When you really want to get at the seeds of the rimon, you don't delicately peel away layer by layer.. you crack that baby in half. All at once the full abundance is visible, and all that was needed was a little more additional brute force in the beginning.
When you try to find the good in another Jew, don't gently peek beneath the surface. Go at it with gusto, jump into the depths and immediately be awed by their spiritual beauty.
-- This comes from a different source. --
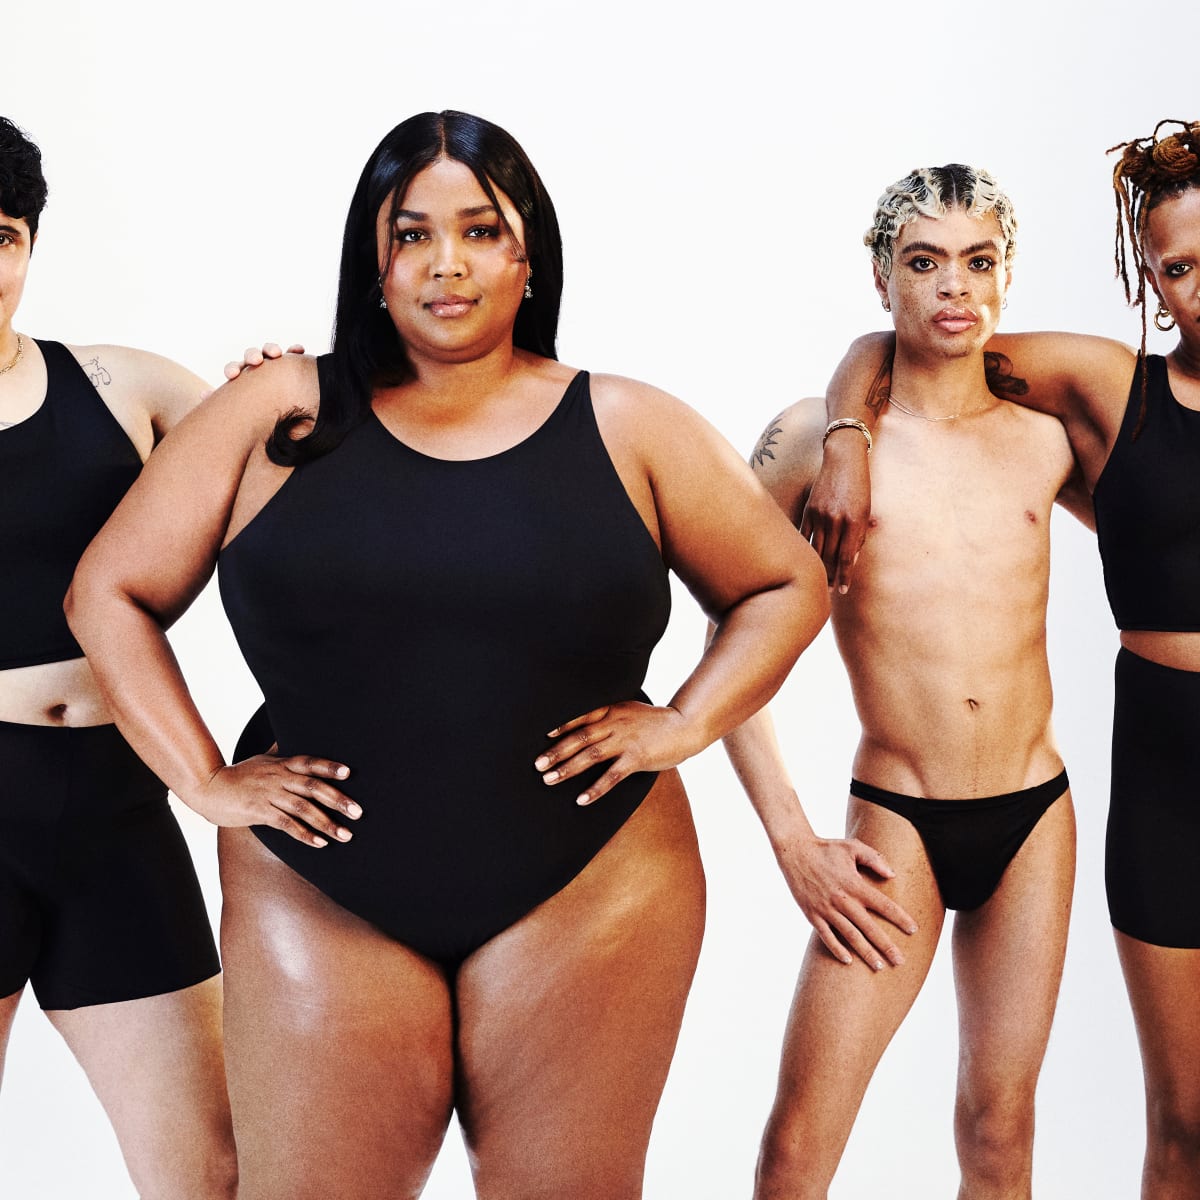 Gender-Affirming Underwear Brand Urbody Calls Out Lizzo's Yitty Over 'Your  Skin' Collection - Fashionista
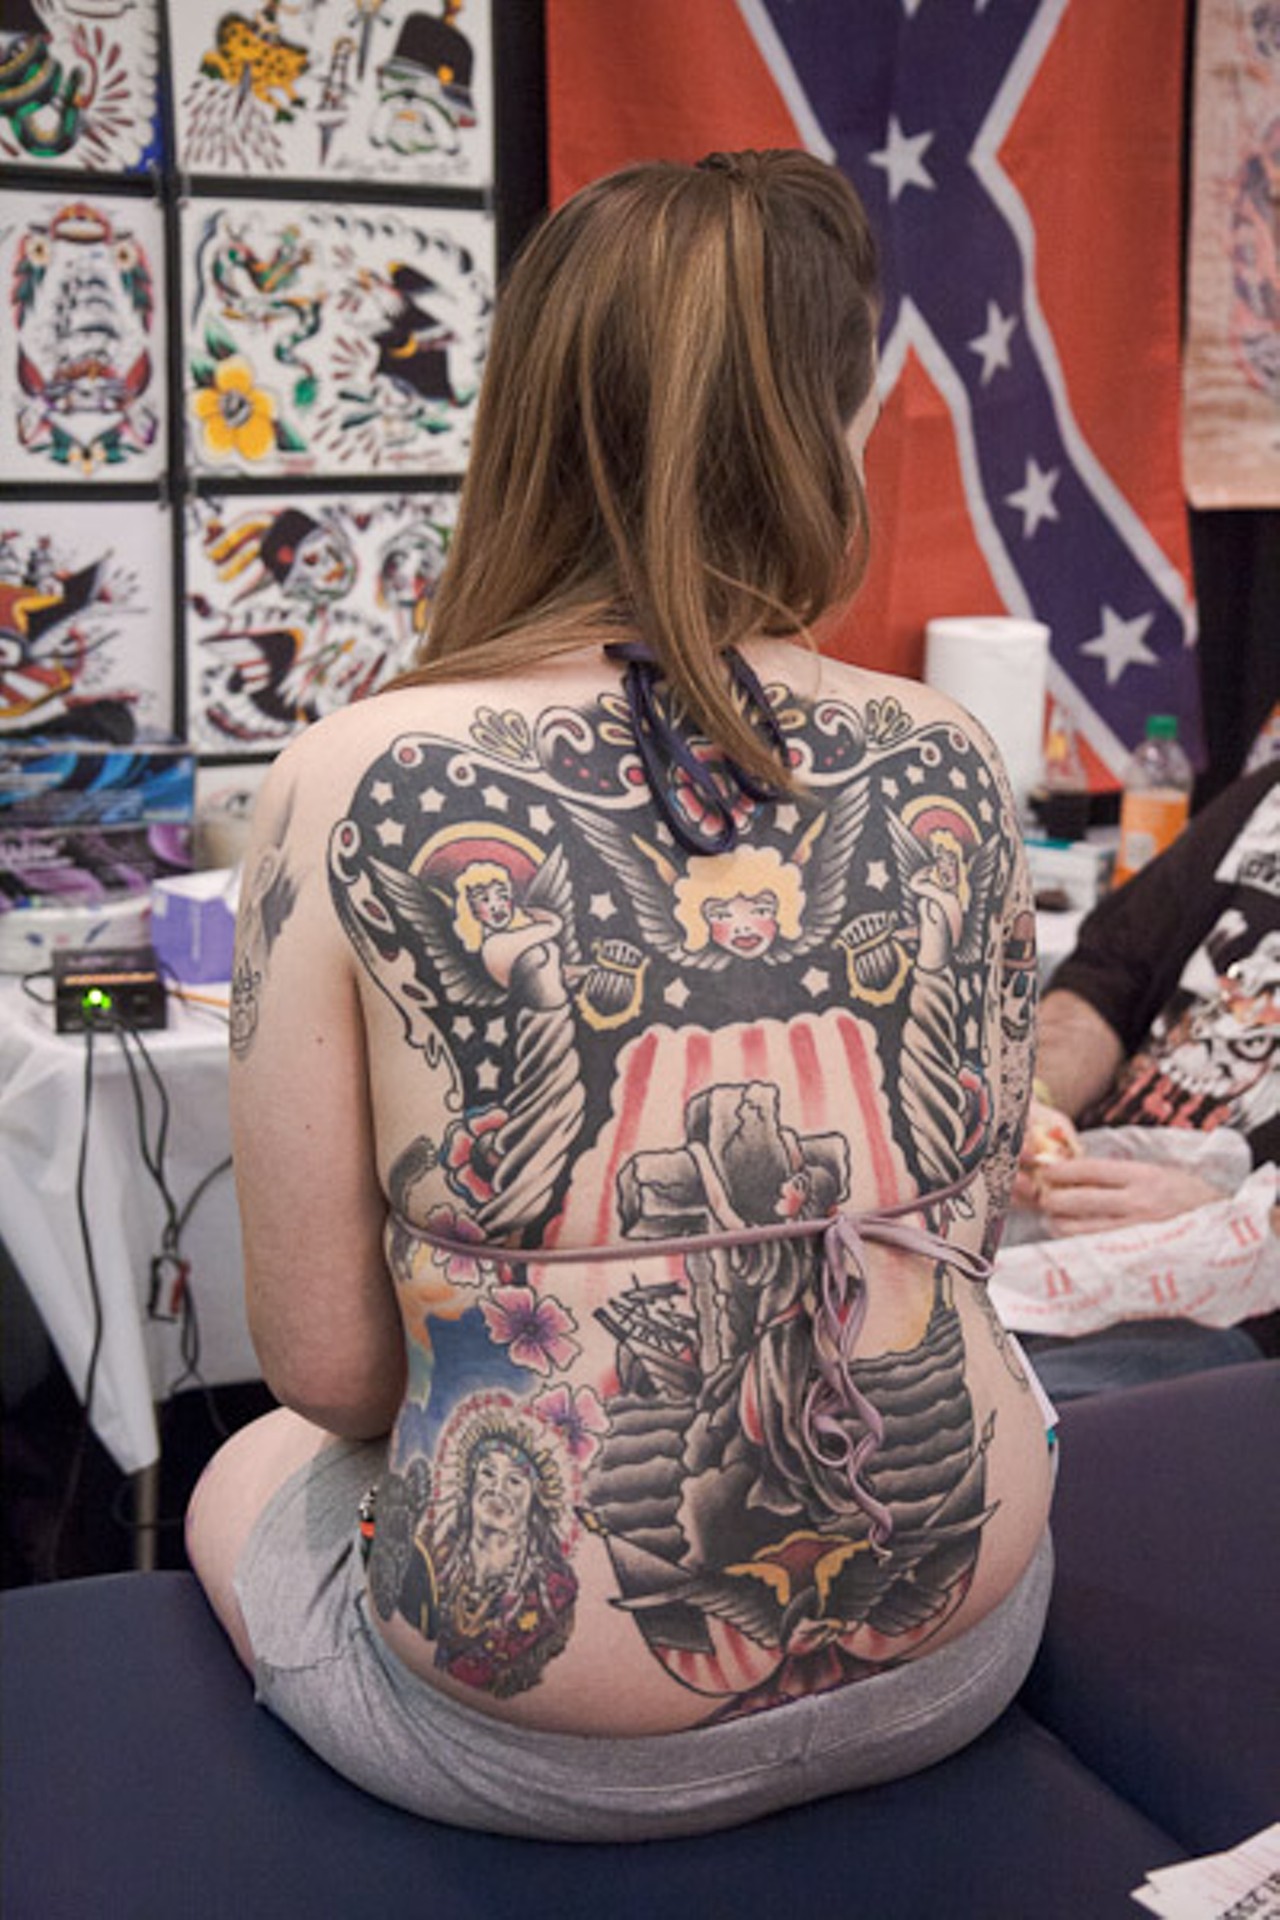 There were many examples of the "old school" tattoo styles on display at the convention.

When you look at a Jew's actions and try and find something good about them, all you are looking at is the clothing of their soul, not their soul itself. When you look at a Jew's middoth, you are looking at lowest aspects of their soul. When you simply recognize that they are a Jew, you can look directly at their deepest neshamah, the yid/yud, the untaintable essence of their soul.
When we stop to look at a particular aspect of a Jew, we reduce them to a tree, when they are really the forest.
I think this is the secret of (Shir HaShirim 6:3) אֲנִי לְדוֹדִי וְדוֹדִי לִי, הָרֹעֶה בַּשּׁוֹשַׁנִּים - I am to my love and he is to me, he who looks in the shoshanim. (the Notzer Hesed explains that the shoshanah is the uncorruptible essence/point of the Jewish soul) That kind of love only comes by being overwhelmed by the whole, and not by being infatuated with particular specifics.
Ever since I learned the Notzer Hesed's comment/statement/testimony that anything negative you ever hear about another Jew is an outright lie, if I'm judging another Jew harshly, I know it's me who will suffer.